23rd Superintendent of Public Instruction of Wisconsin
- In office July 6, 1981 – April 9, 1993
- Governor: Lee S. Dreyfus Tony Earl Tommy Thompson
- Preceded by: Barbara Thompson
- Succeeded by: Lee S. Dreyfus (interim) John T. Benson (elected)

President of the University of Wisconsin Board of Regents
- In office June 8, 1979 – September 5, 1980
- Preceded by: Edward E. Hales
- Succeeded by: Joyce M. Erman

Member of the Wisconsin State Assembly
- In office January 1, 1973 – January 6, 1975
- Preceded by: District established
- Succeeded by: Earl W. Schmidt
- Constituency: 87th district
- In office January 4, 1965 – January 1, 1973
- Preceded by: Theodore Abrahamson
- Succeeded by: District abolished
- Constituency: Menominee–Shawano district

Personal details
- Born: February 5, 1937 (age 89) Fond du Lac, Wisconsin, U.S.
- Spouse: Caroline
- Children: 8
- Alma mater: St. Norbert College (B.A.); American University (M.A.); University of Wisconsin–Madison (Ph.D.);

= Herbert J. Grover =

American educator and politician

Herbert J. "Bert" Grover (born February 5, 1937) is a retired American educator and Democratic politician. He was the 23rd Superintendent of Public Instruction of Wisconsin, serving nearly 12 years (1981-1993). Earlier in his career, he was a member of the Wisconsin State Assembly, representing Menominee and Shawano counties.

==Early life and career==
Born in Fond du Lac, Wisconsin, Grover graduated from Shawano High School. He earned his bachelor's degree from St.
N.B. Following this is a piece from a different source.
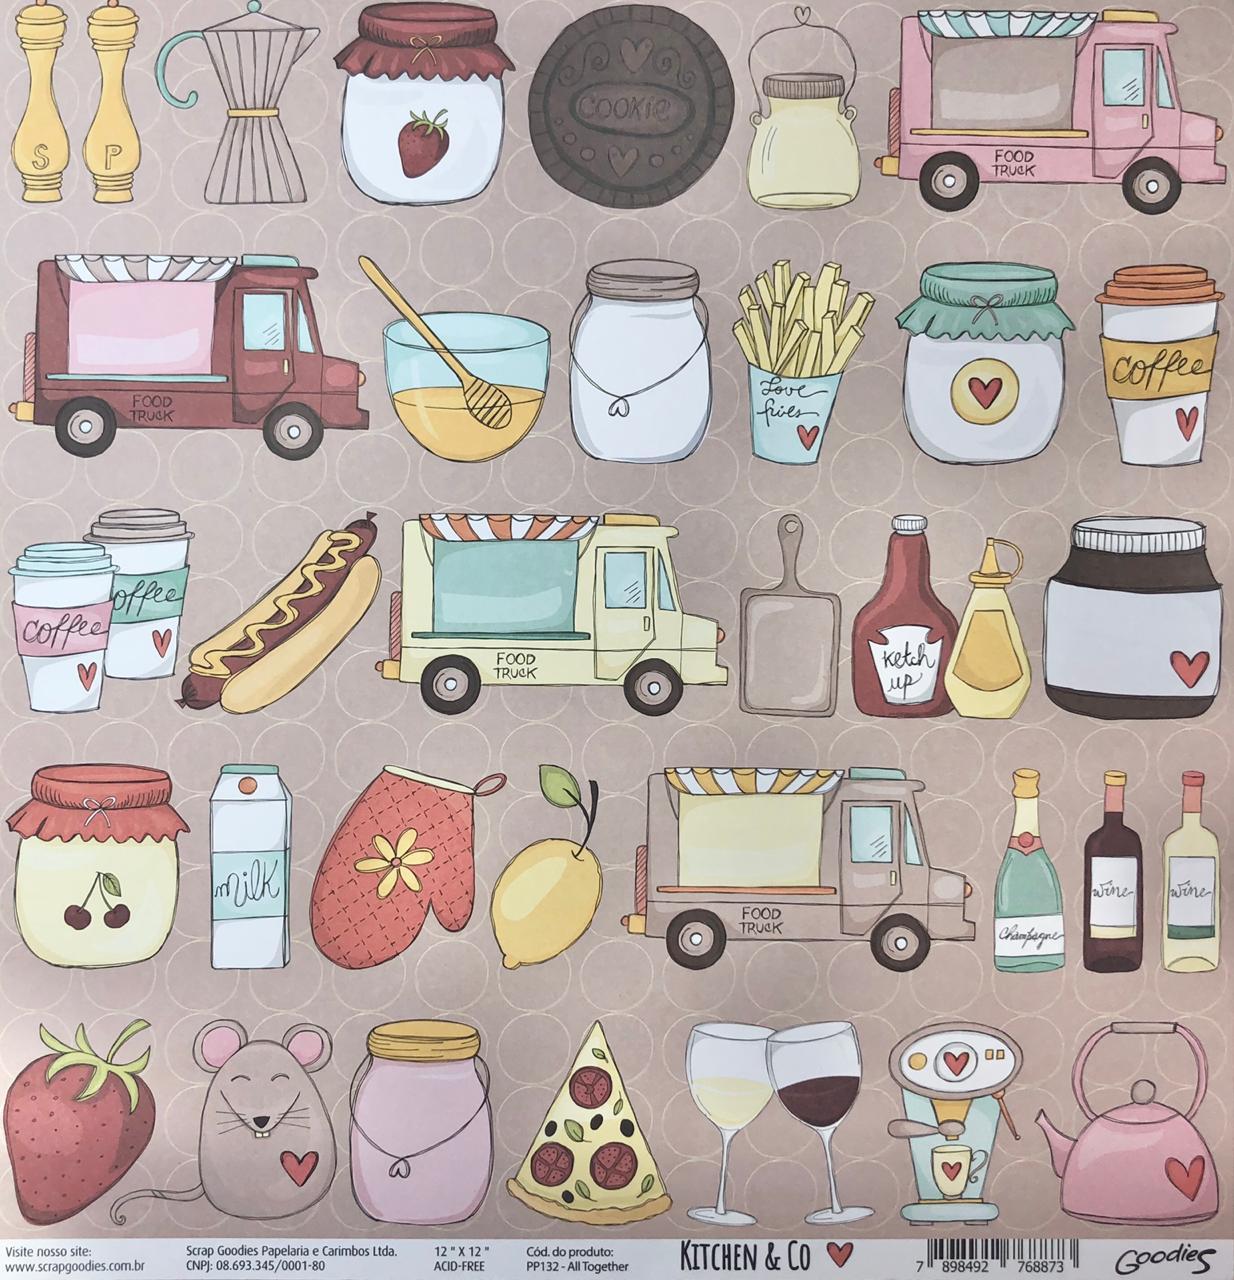 Papel Scrap - All Together - Coleção Kitchen & Co - Goodies (PP132)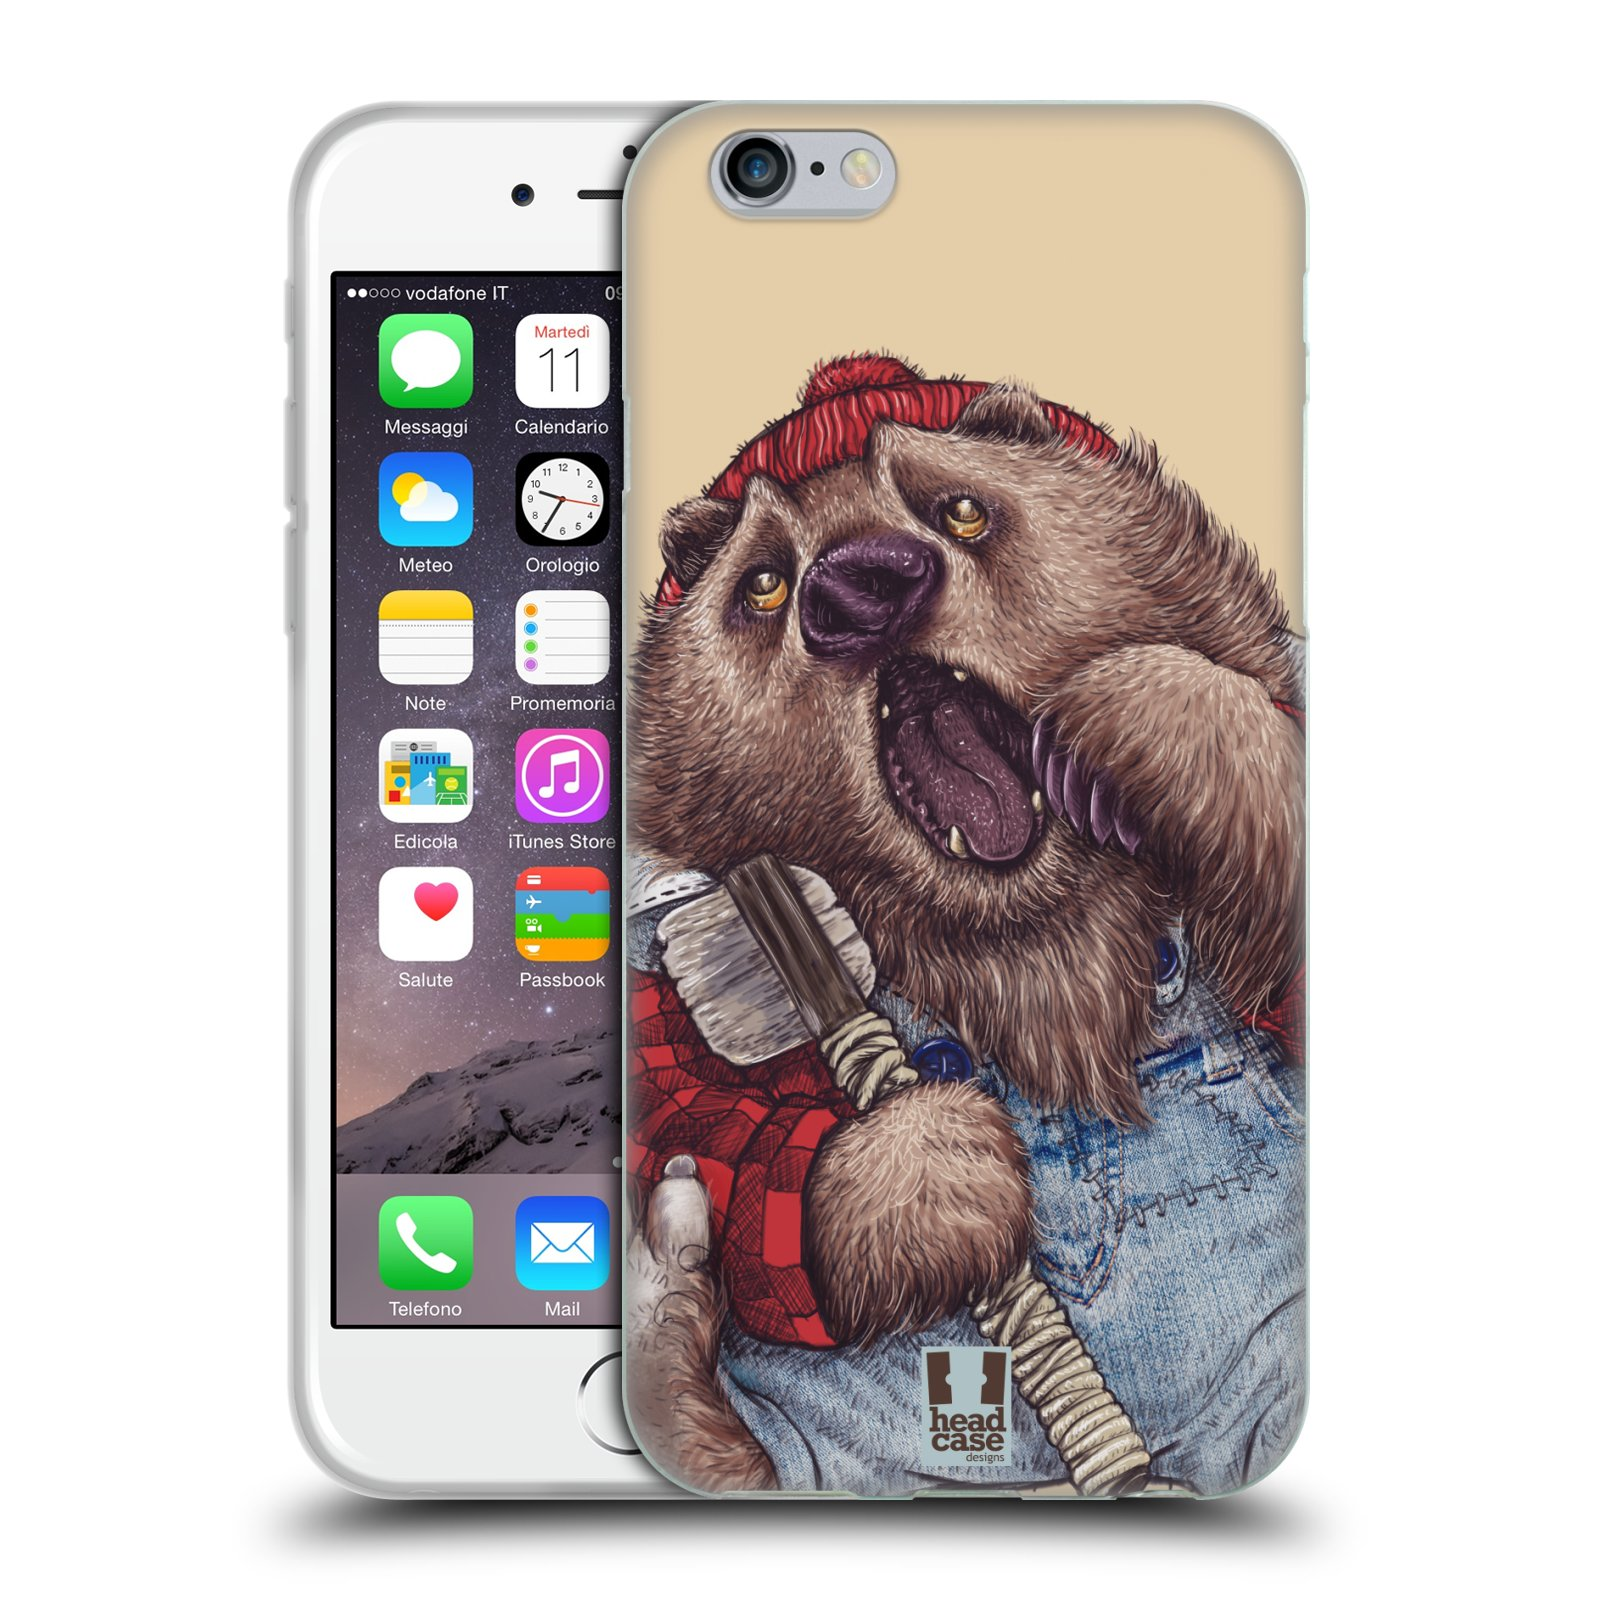 Silikonové pouzdro na mobil Apple iPhone 6 a 6S HEAD CASE ANIMPLA MEDVĚD

Norbert College in De Pere, Wisconsin, in 1959. He went to work as a legislative assistant to United States Senator William Proxmire in Washington, D.C., and, while there continued his education at American University, where he received his master's degree in international law in 1963.

==Wisconsin Assembly years==
He returned to Wisconsin to work on a Ph.D. in political science at the University of Wisconsin–Madison, but paused his education to run for Wisconsin State Assembly in 1964. Running as a first-time candidate Democrat in the heavily-Republican Menominee-Shawano district, he was considered a long-shot against incumbent Theodore Abrahamson, a power broker in Shawano County for over two decades. Inspired by the campaign tactics of Senator Proxmire, Grover canvassed thousands of farms in the district, covering over 17,000 miles during the campaign. He made a bid for cross-over Republican votes with the slogan "cross over to Grover" and won Shawano County while the county was only one of four in the state to vote for Senator Barry Goldwater over President Lyndon B. Johnson in the presidential election that year. Overall, he won 54% of the vote in 1964, went on to win three more elections in the district, and won a fifth term representing the 87th Assembly district, which was drawn to replace most of the territory of his former Menominee-Shawano district in the 1972 redistricting plan.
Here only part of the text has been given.